Problem statement> Everything in the data gets repeated exactly, except for the pictures.
START Data segment
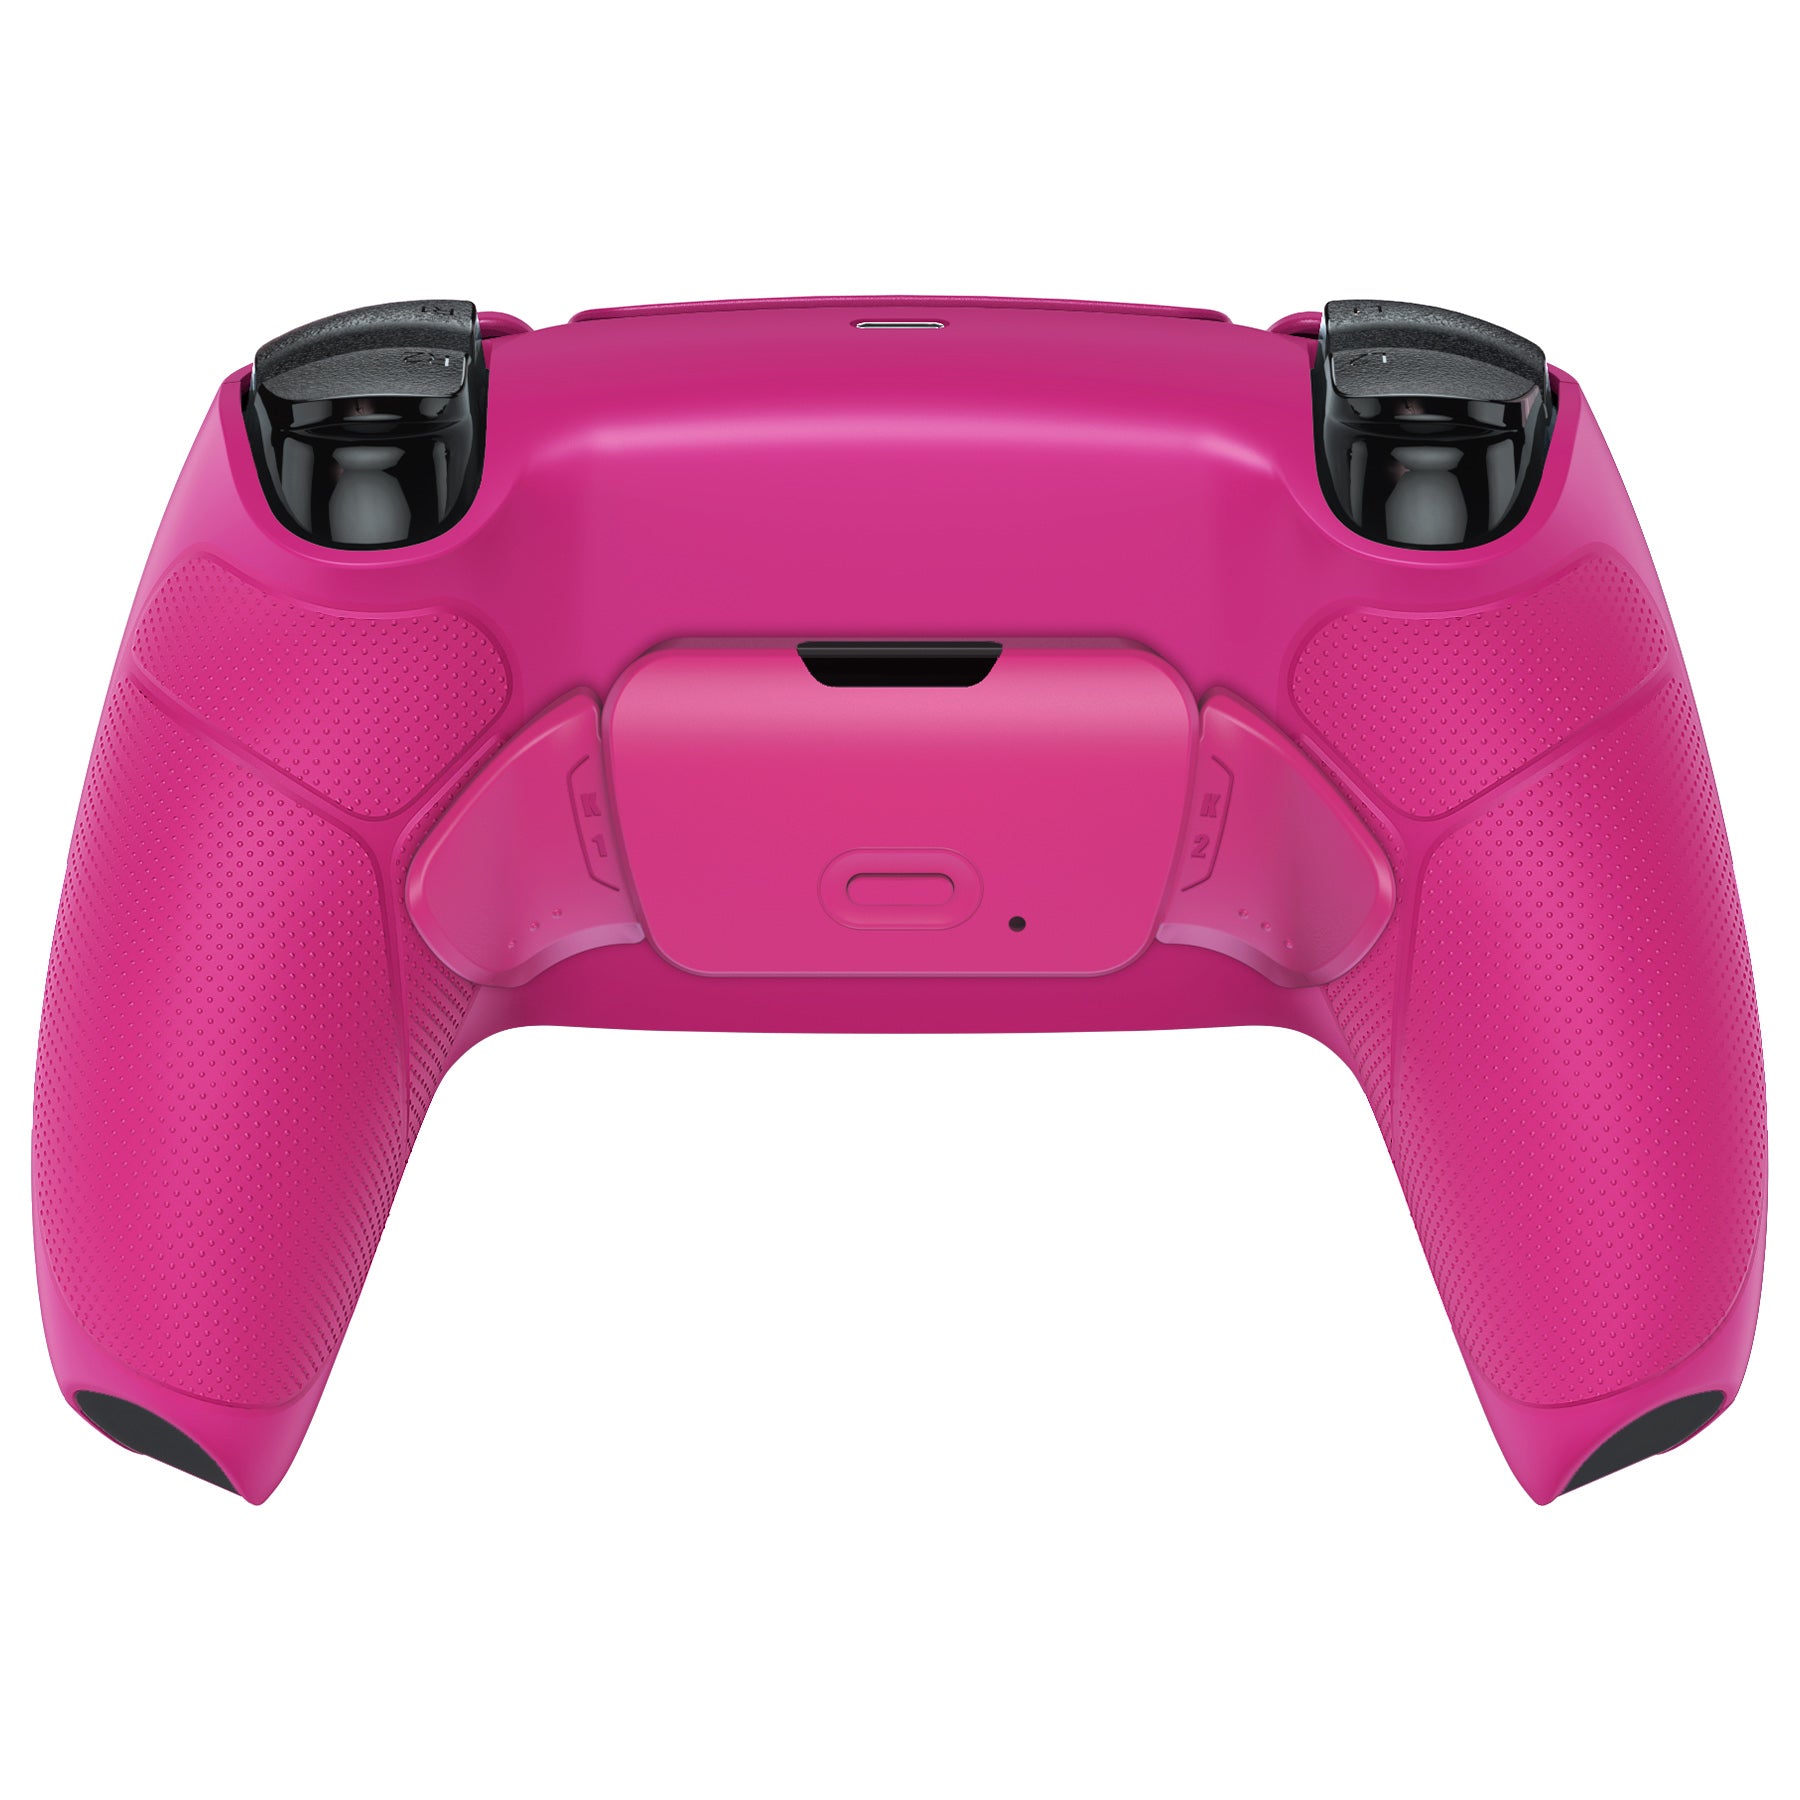 eXtremeRate Retail Nova Pink Rubberized Grip Back Paddles Remappable Rise Remap Kit with Upgrade Board & Redesigned Back Shell & Back Buttons Attachment for PS5 Controller BDM-010 & BDM-020 - XPFU6009
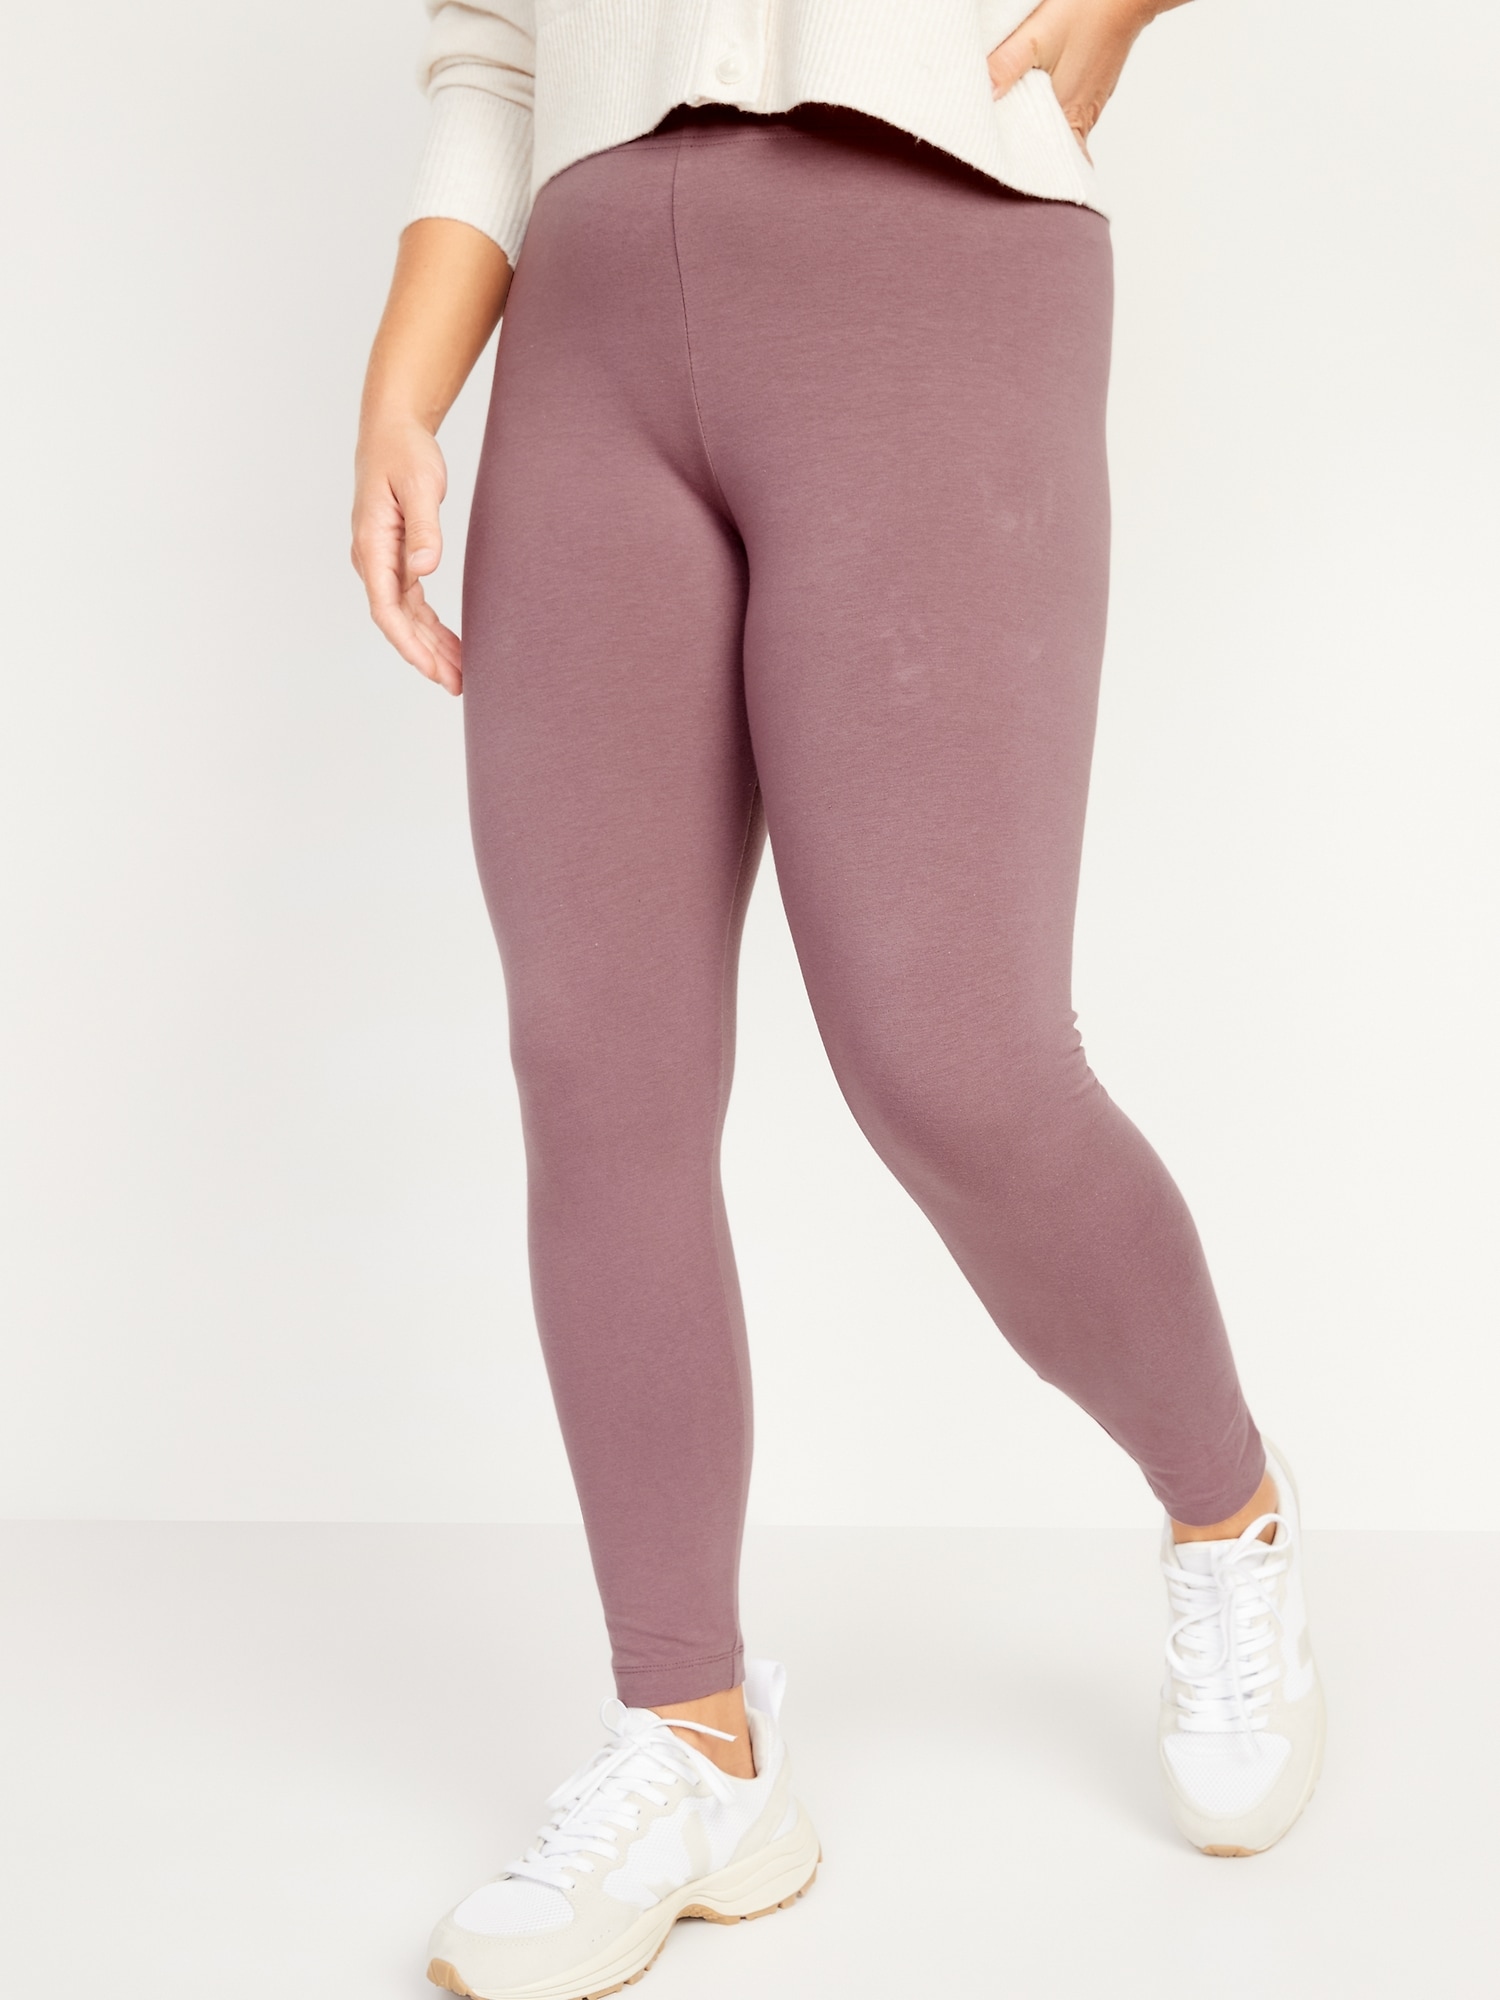 High Waisted Jersey Ankle Leggings For Women Old Navy 7450
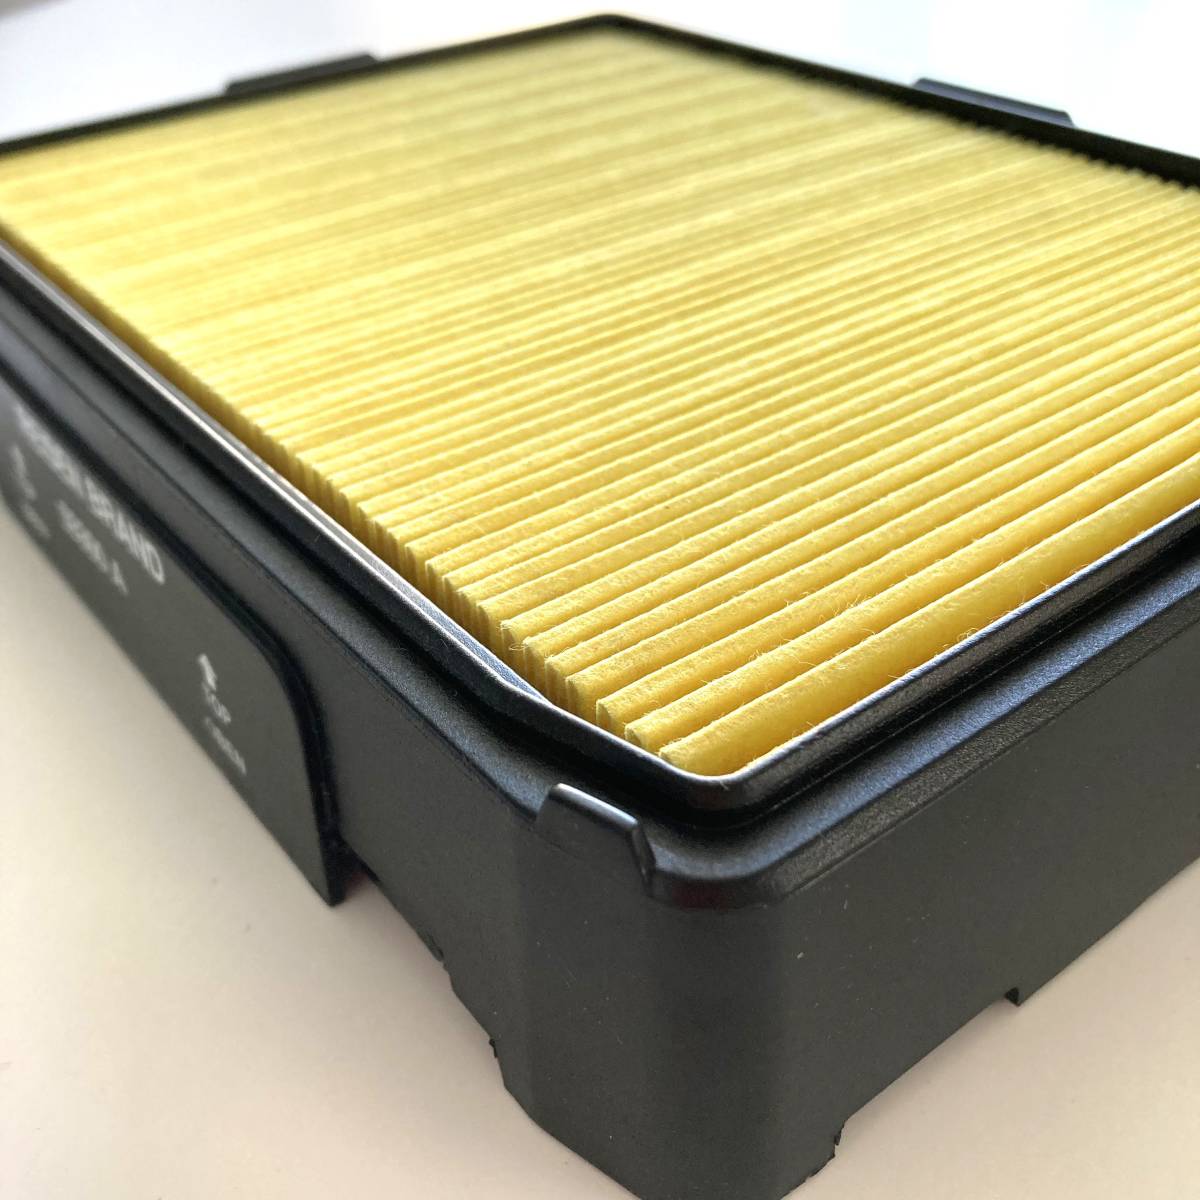 BMW air filter rectangle 1981 year on and after model for R100RS R100GS R100RT R100R Mystic R80 R80GS Basic R80g/s R65 R45 list 
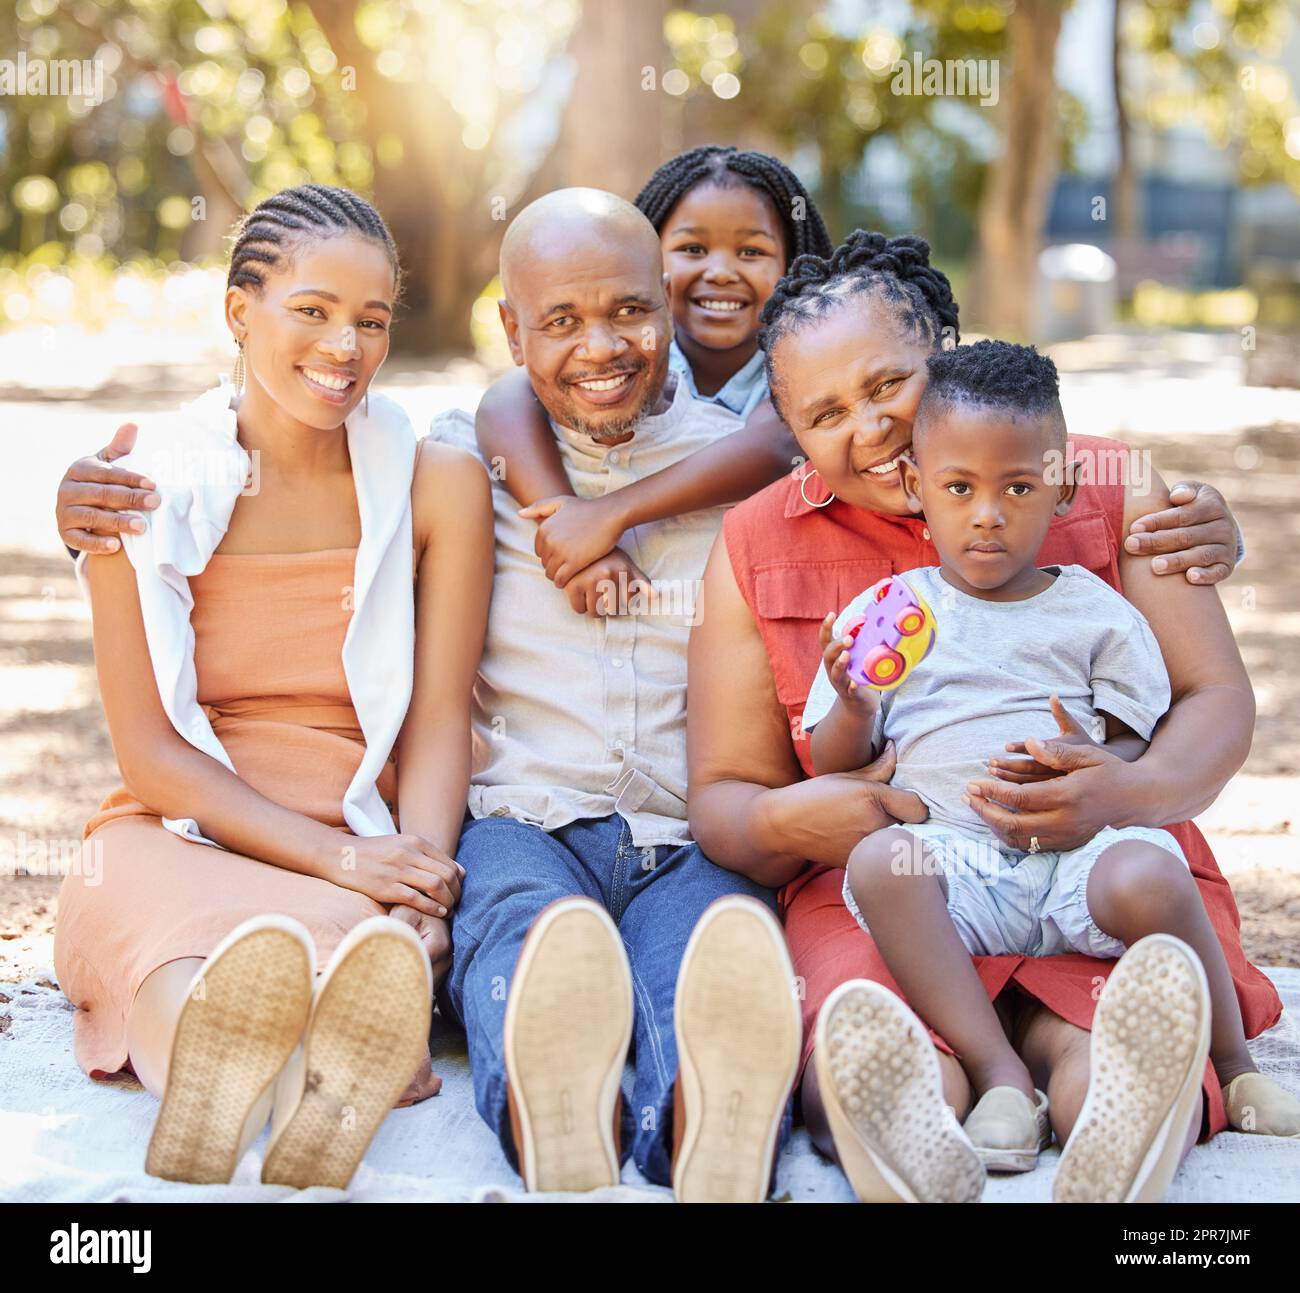 Portrait happy african american family of five spending quality time together in the park during summer. Grandparents, mother and children bonding together outside. An outing with the children Stock Photo
END Data segment
Task response>
 eXtremeRate Retail Nova Pink Rubberized Grip Back Paddles Remappable Rise Remap Kit with Upgrade Board & Redesigned Back Shell & Back Buttons Attachment for PS5 Controller BDM-010 & BDM-020 - XPFU6009
 High Waisted Jersey Ankle Leggings For Women Old Navy 7450
 BMW air filter rectangle 1981 year on and after model for R100RS R100GS R100RT R100R Mystic R80 R80GS Basic R80g/s R65 R45 list 
 Portrait happy african american family of five spending quality time together in the park during summer. Grandparents, mother and children bonding together outside. An outing with the children Stock Photo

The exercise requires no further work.